**Data extract:**
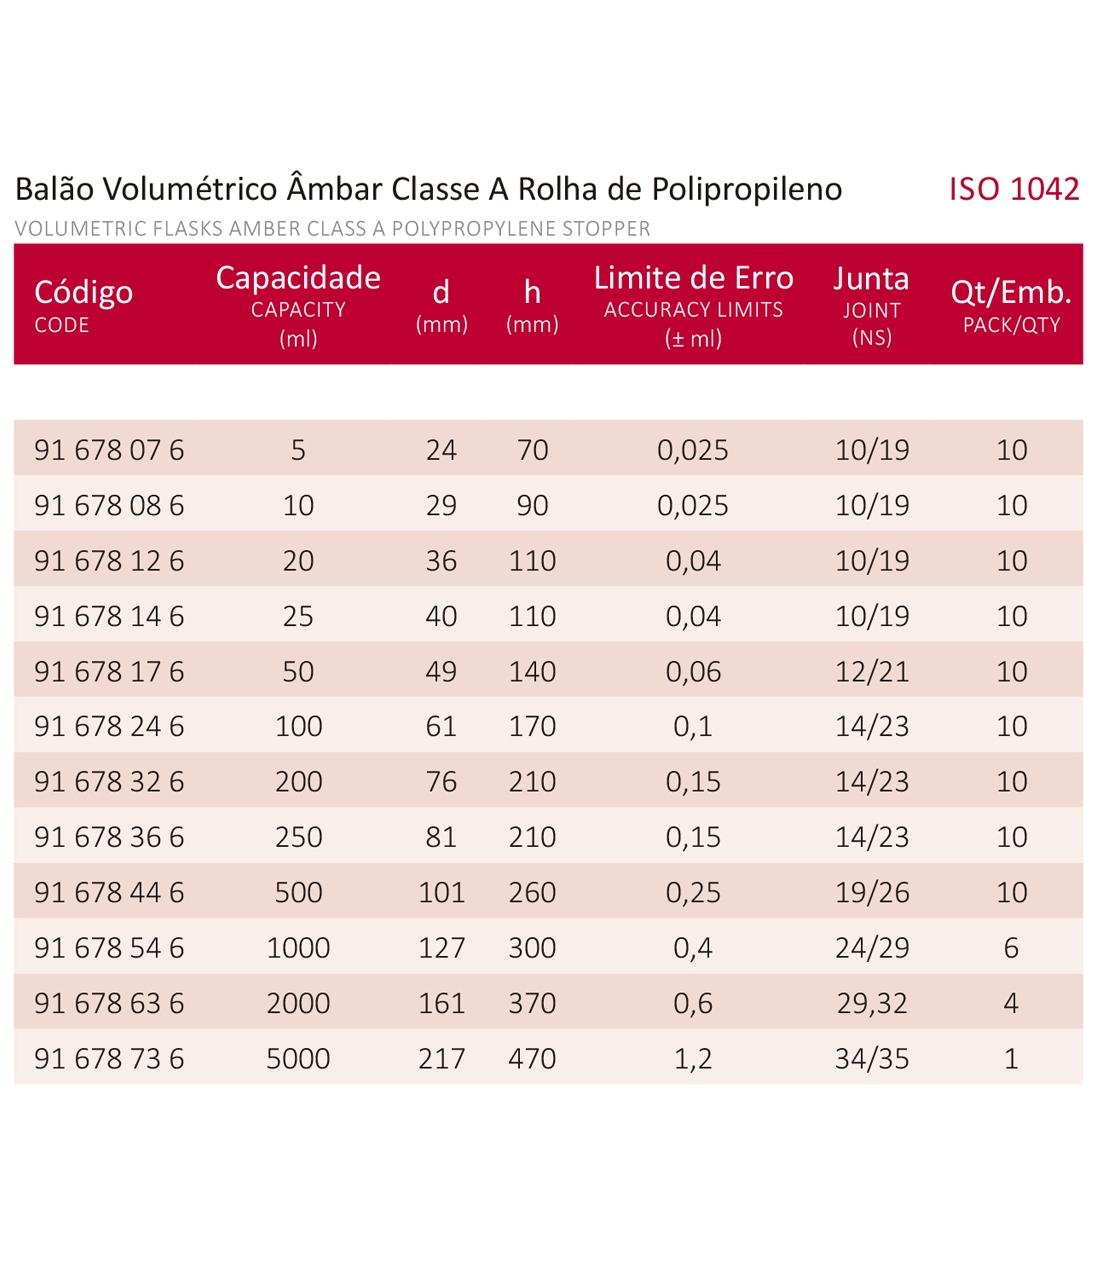 BALÃO VOLUMÉTRICO CLASSE A ROLHA POLI ÂMBAR C/ CERTIFICADO RBC 200 ML - Marca Laborglas - Cód. 91678326-R
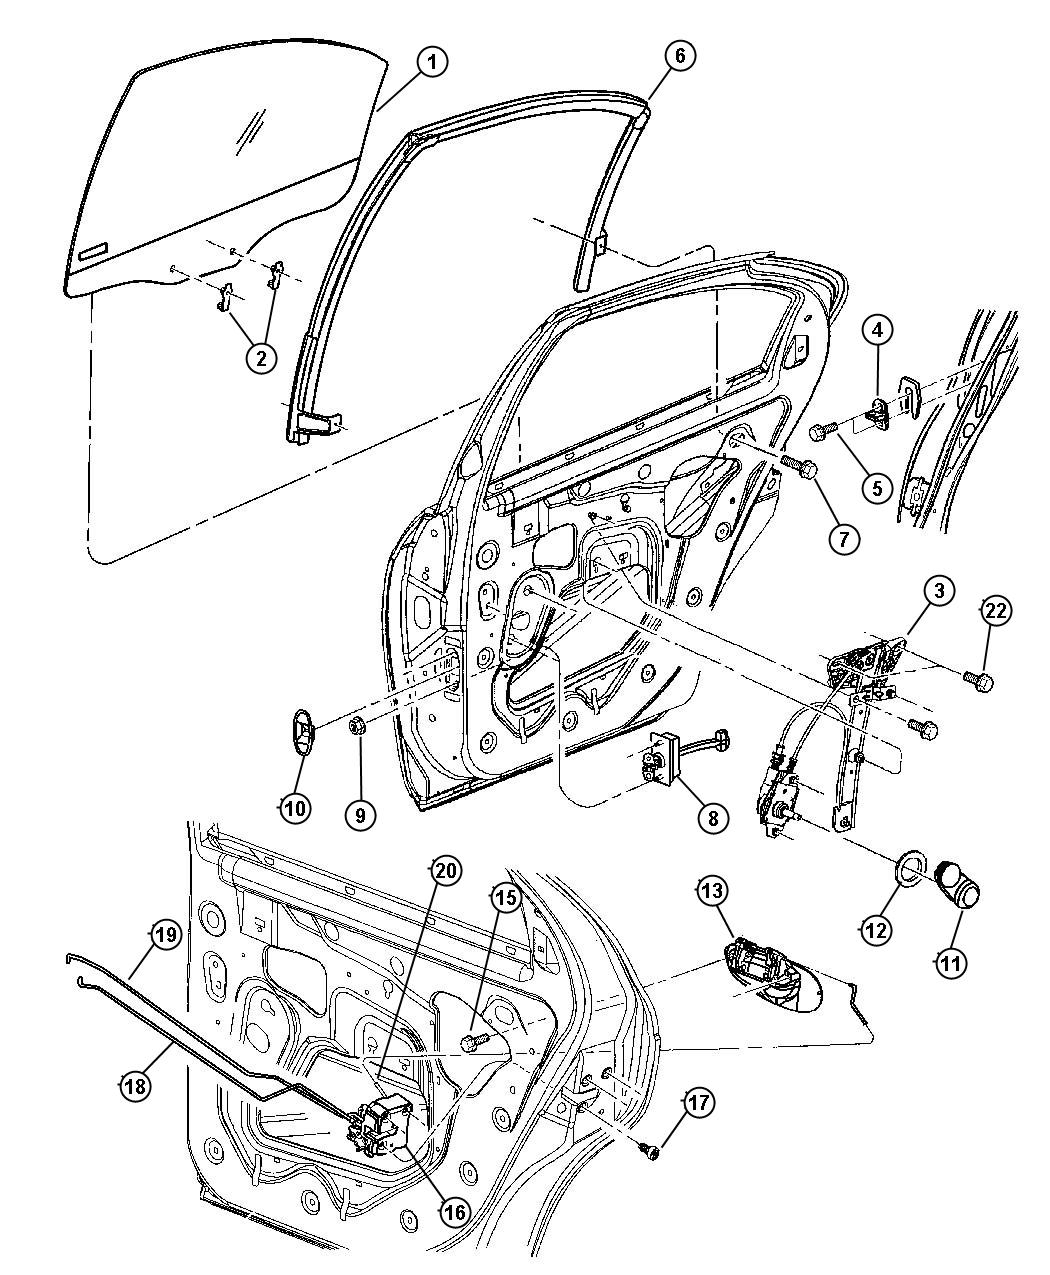 Dodge Avenger Handle Window Regulator Trim All Trim Codes Color Taupe Exterior
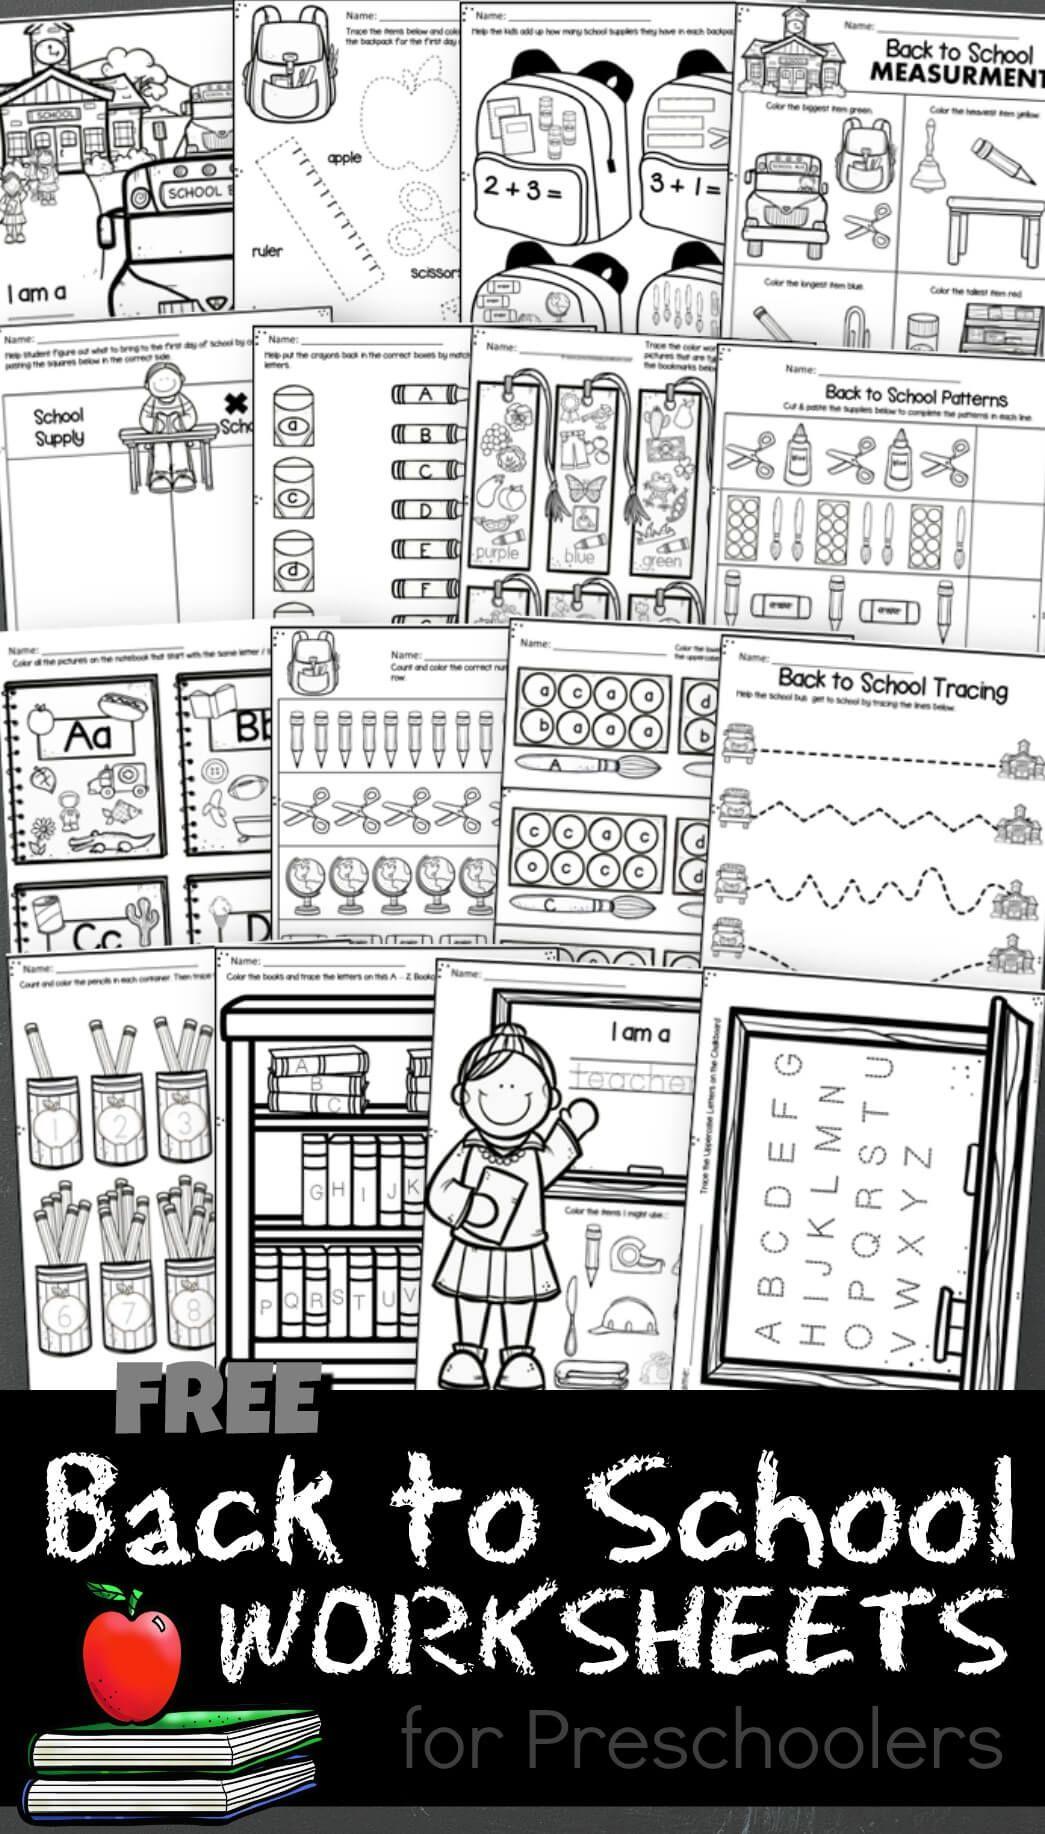 Free Back To School Worksheets For Preschoolers

**What is expected:**
Reproduce the entire listing exactly, but omit any pictures.

**Problem solution:**
 BALÃO VOLUMÉTRICO CLASSE A ROLHA POLI ÂMBAR C/ CERTIFICADO RBC 200 ML - Marca Laborglas - Cód. 91678326-R
 Dodge Avenger Handle Window Regulator Trim All Trim Codes Color Taupe Exterior
 Free Back To School Worksheets For Preschoolers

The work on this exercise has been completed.